Нили принюхался и одобрительно кивнул головой.
- Хороший трюк. Хотя мы могли бы воспользоваться инфракрасными очками…
- Заткнись, - попросил я и опустился на четвереньки, так что макушка моя надежно скрылась за валуном. Нили поспешил присесть рядом. Так, прячась за камнями, мы добрались до небольшой площадки, где уже отчетливо пахло костром. Пригнувшись, я высунулся из‑за валуна.

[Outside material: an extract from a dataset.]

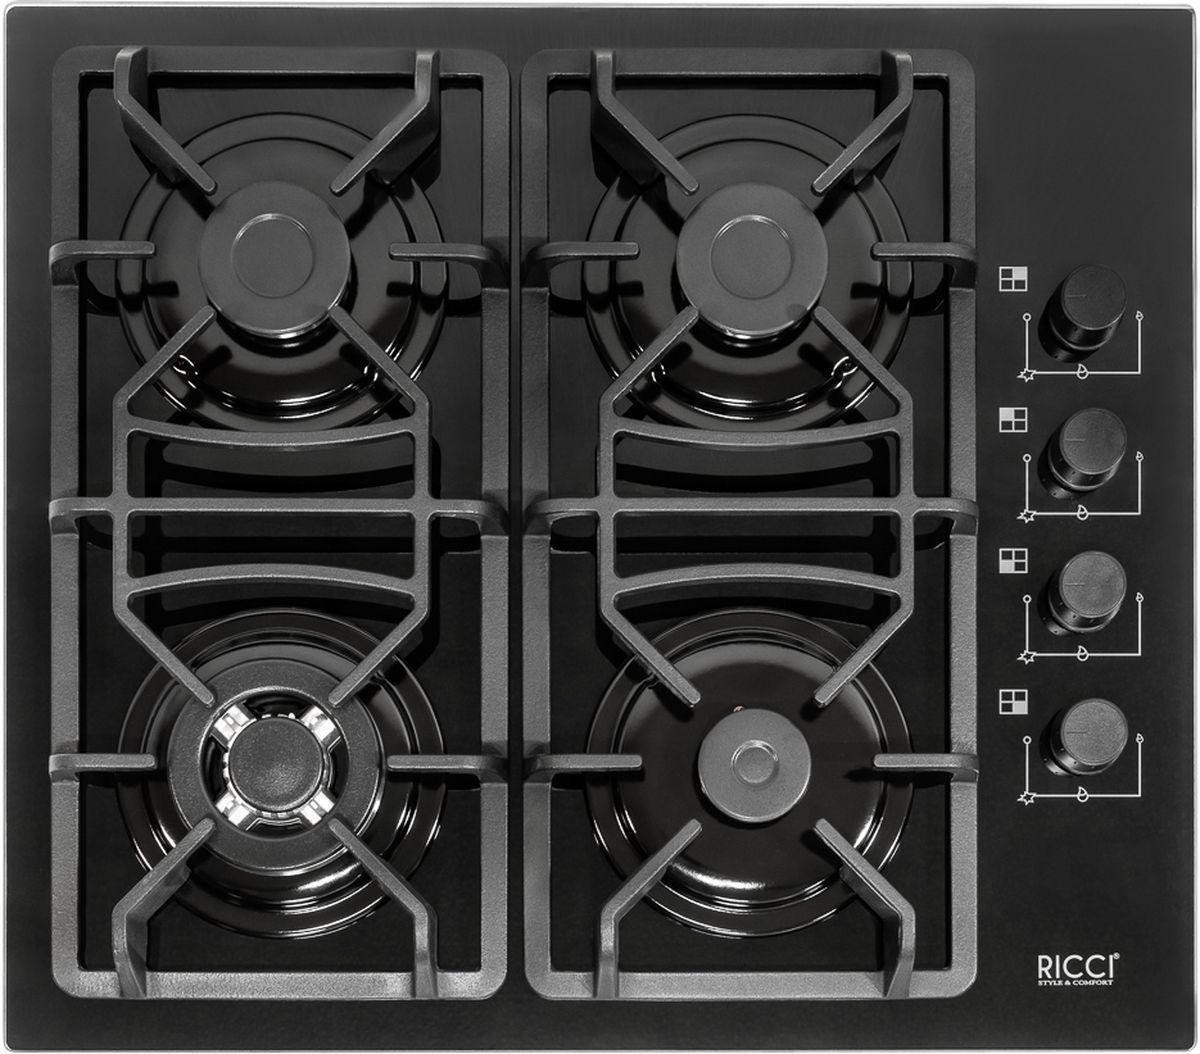 Варочная панель Ricci RGN-670BL, Black, встраиваемая

Расщелинка между двумя высокими скалами была пуста, хотя в кострище еще пробегали искорки, и вверх от углей тянулся легкий дымок.
- Совсем недавно ушли, - прошептал Нили под ухом.
- Это я и без тебя вижу, - ответил я и пригляделся к моей мошке. Та, сверкая - ну точь в точь одна из выплюнутых костром искорок - облетела площадку и вновь вернулась к огню.
- Ну?
- Подковы гну. Ничего живого рядом больше нет.
- И это значит…
- Что рядом больше нет ничего живого и теплого.
- Как насчет мертвого и холодного?
Но я уже встал во весь рост и подошел к костру. Разгреб ботинком угли. Топлива было немного, так что костер и впрямь прогорел совсем недавно. Странно, что это вообще был уголь. Обычно местные обогревались чем‑то вроде кизяка, а туристы - либо печками с электрическими аккумуляторами, либо керосиновыми горелками. Принюхался. Поверх запаха гари ощутимо несло бензином, а из‑под серого пепла высовывался кончик желтого пакета. Э, да здесь просто бивуак какой‑то туристический затеяли: угольки из пакета, растопка. Кто бы тут ни резвился, явно это были не пресловутые Тени.
Нили подошел ближе и поинтересовался:
- Что дальше?
- Дальше…
Я снова задумчиво копнул ногой уголь. Следопыты из нас были паршивые - это искусство не слишком‑то нужно в подземных чертогах, где перемещаться можно только по прорезанным в камне коридорам, а коридоры все учтены и закартографированы. Однако ясно, что далеко от своего жилища - где бы оно ни находилось - Мистер Иамен с мешком углей уйти не мог. Если, конечно, топливом его не снабжали деревенские жители, что тоже вполне вероятно.